▸ Task to carry out
From the line containing "093d36fcb968 Givenchy - Gv3" through the last line of the records below, each line is to be repeated exactly; pictures are to be omitted.

Extracted data entries:
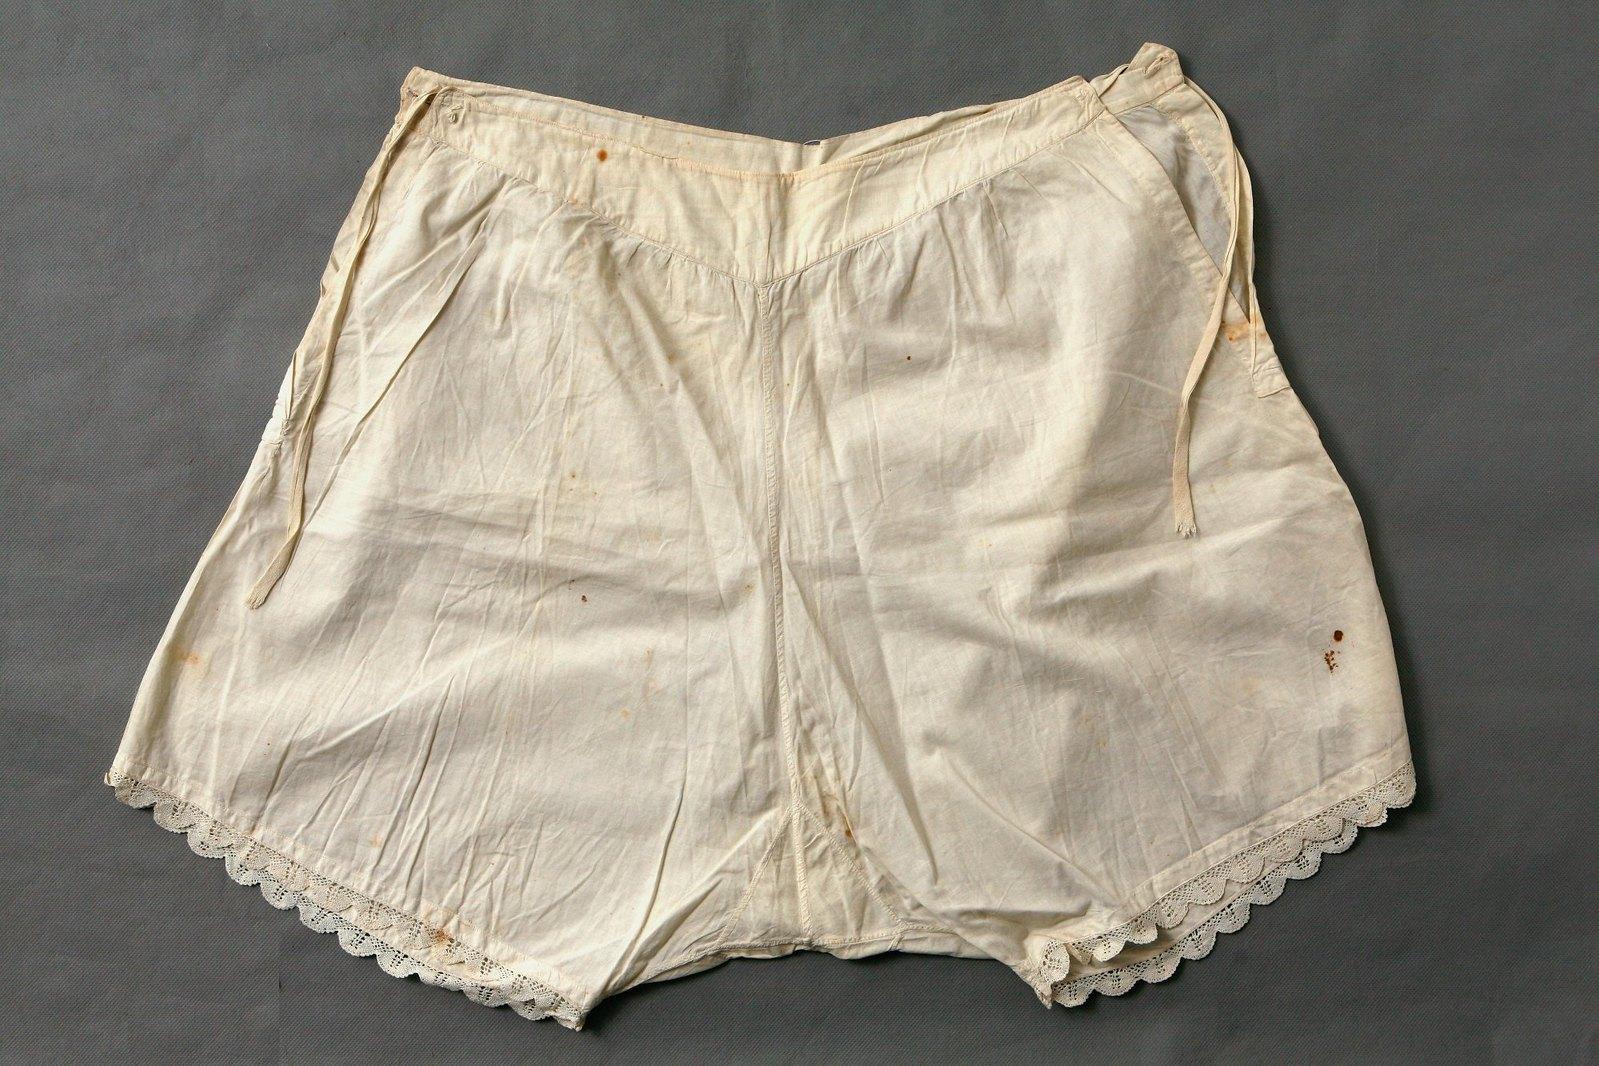 Панталоны дамские. Начало XX в.1
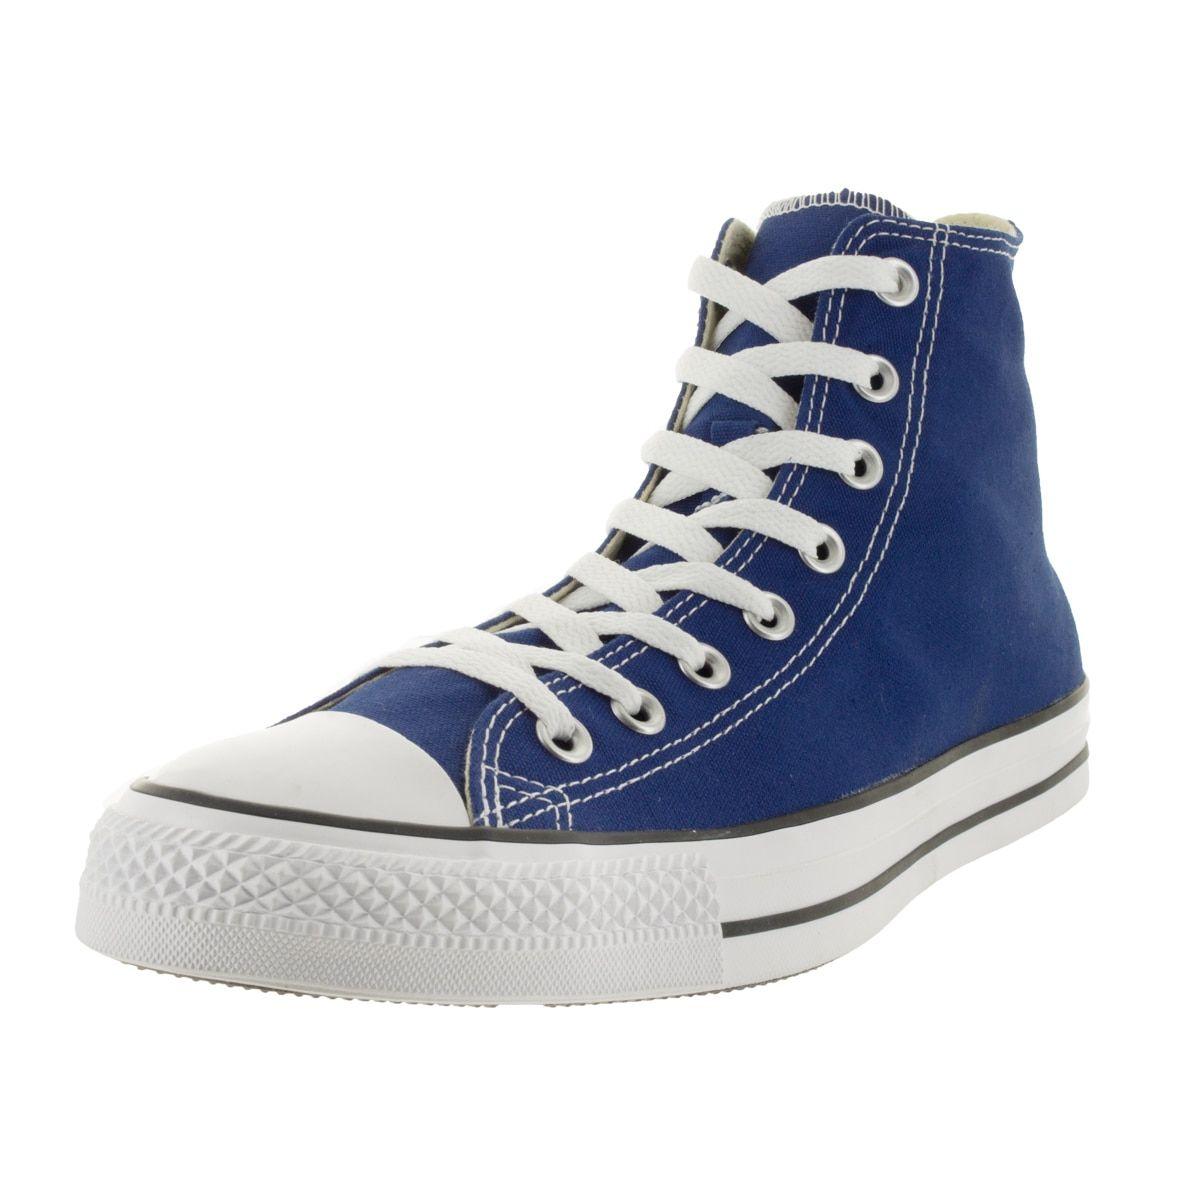 Chaussures Converse Chuck Taylor All Star HI Roadtrip tDm2K
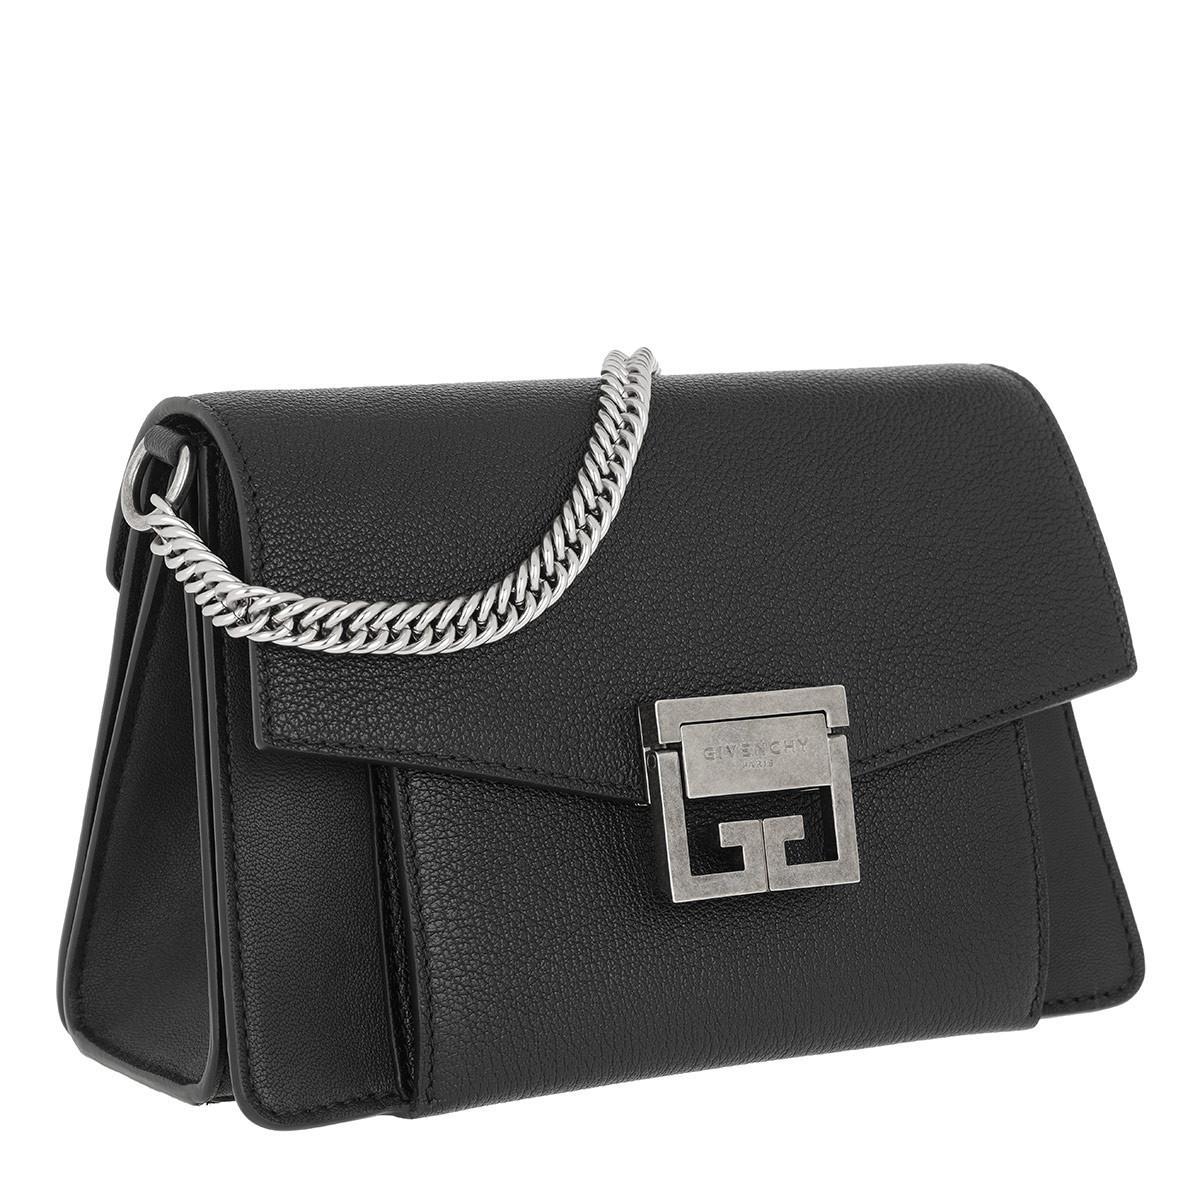 093d36fcb968 Givenchy - Gv3 Nano Crossbody Bag Leather Black - Lyst. View fullscreen
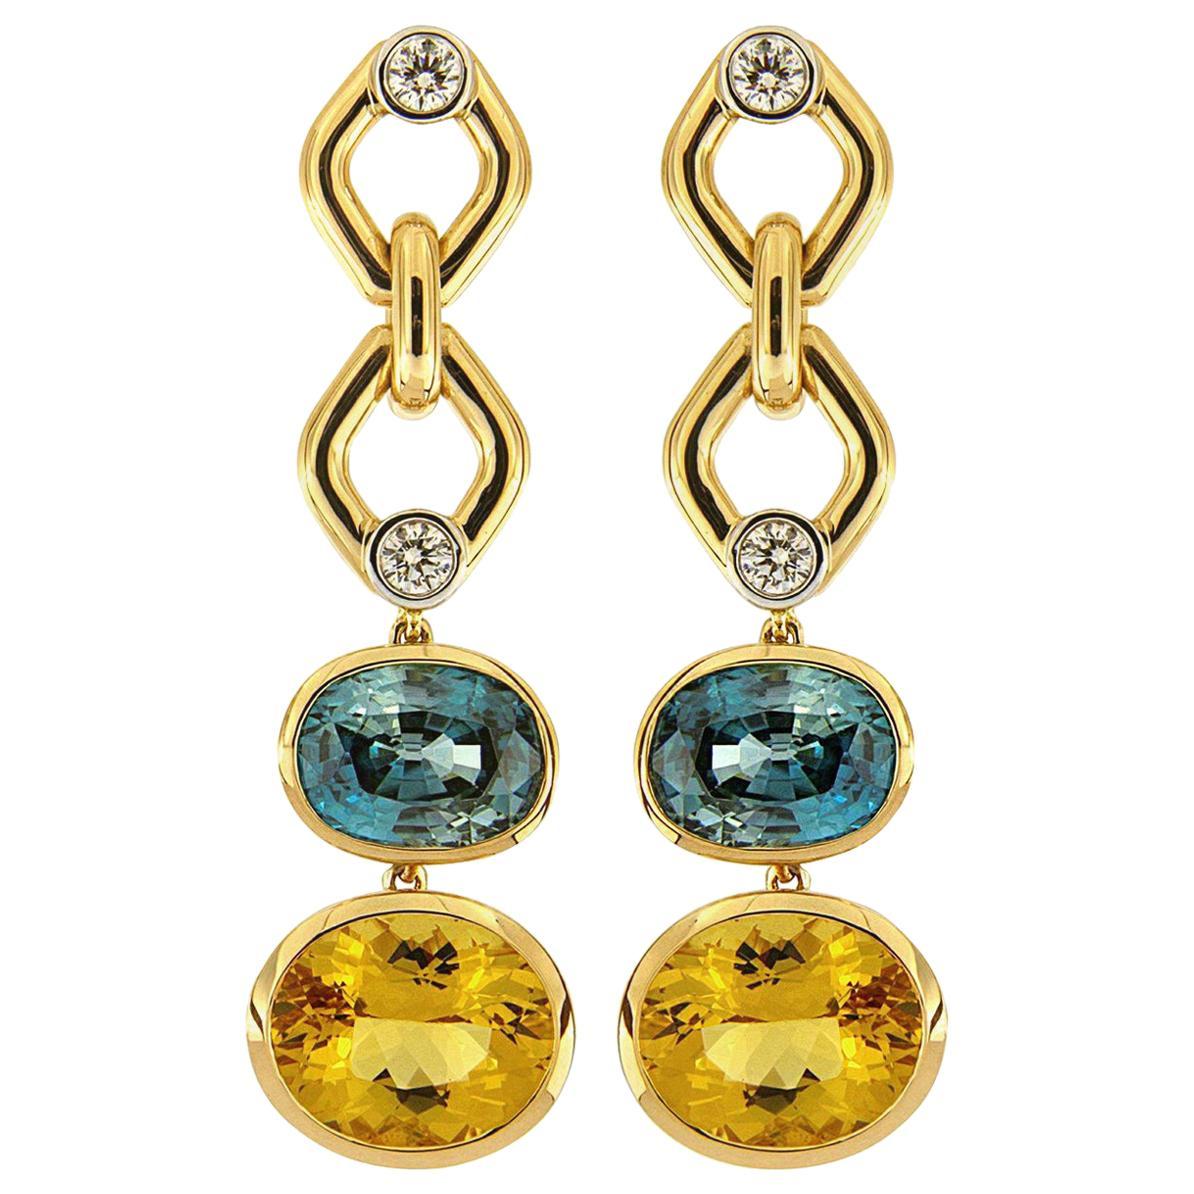 Valentin Magro Zircon and Beryl with Round Brilliant Cut Diamonds Earrings
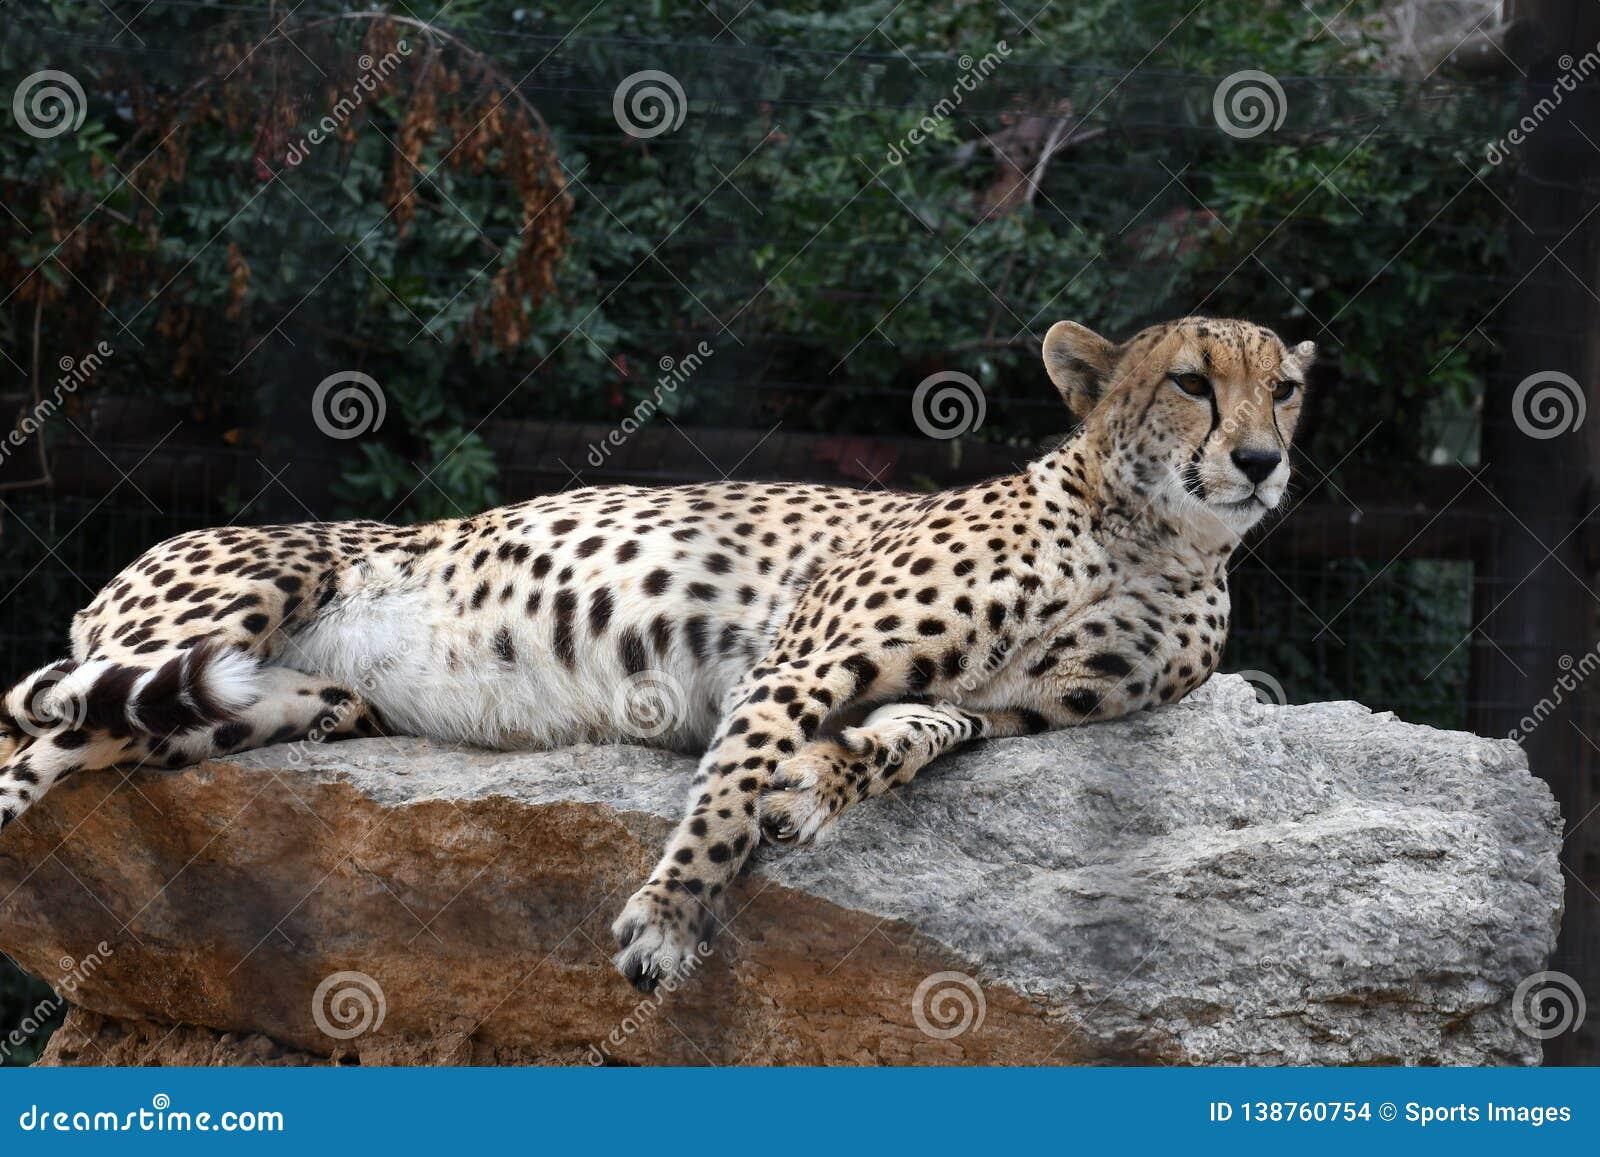 Simple Iran Flag Vector Illustration Stock Illustration ... |Iranian Cheetah Vector
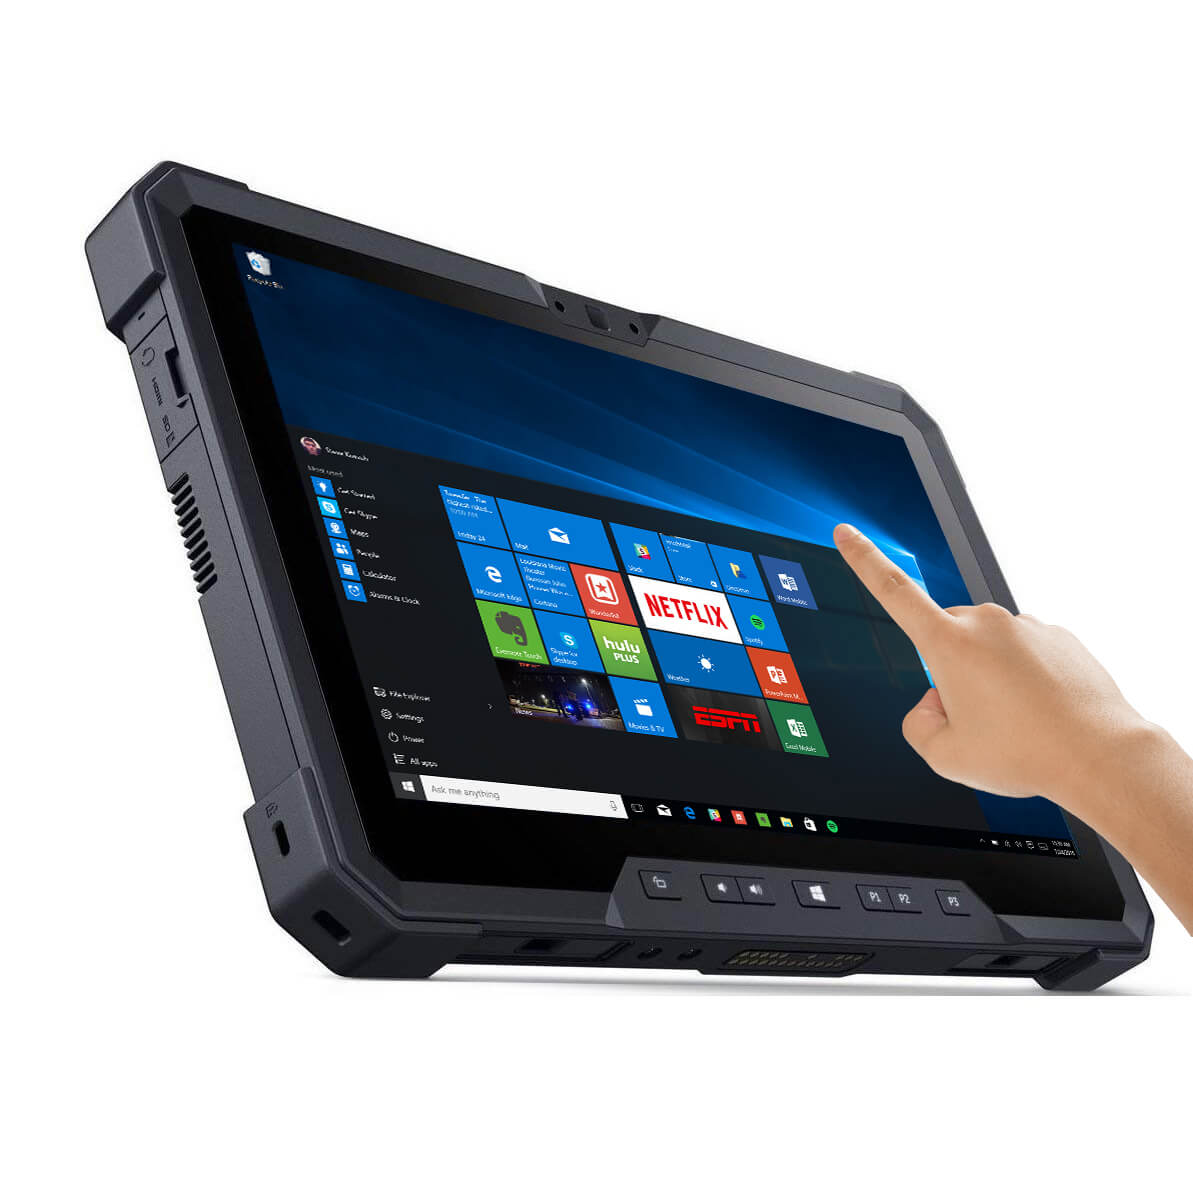 Dell Latitude 7212 Rugged Extreme 12 Tablet Laptop Intel I5 16gb 256gb Ssd Walmart Com Walmart Com

▸ Solution for this problem
 093d36fcb968 Givenchy - Gv3 Nano Crossbody Bag Leather Black - Lyst. View fullscreen
 Valentin Magro Zircon and Beryl with Round Brilliant Cut Diamonds Earrings
 Simple Iran Flag Vector Illustration Stock Illustration ... |Iranian Cheetah Vector
 Dell Latitude 7212 Rugged Extreme 12 Tablet Laptop Intel I5 16gb 256gb Ssd Walmart Com Walmart Com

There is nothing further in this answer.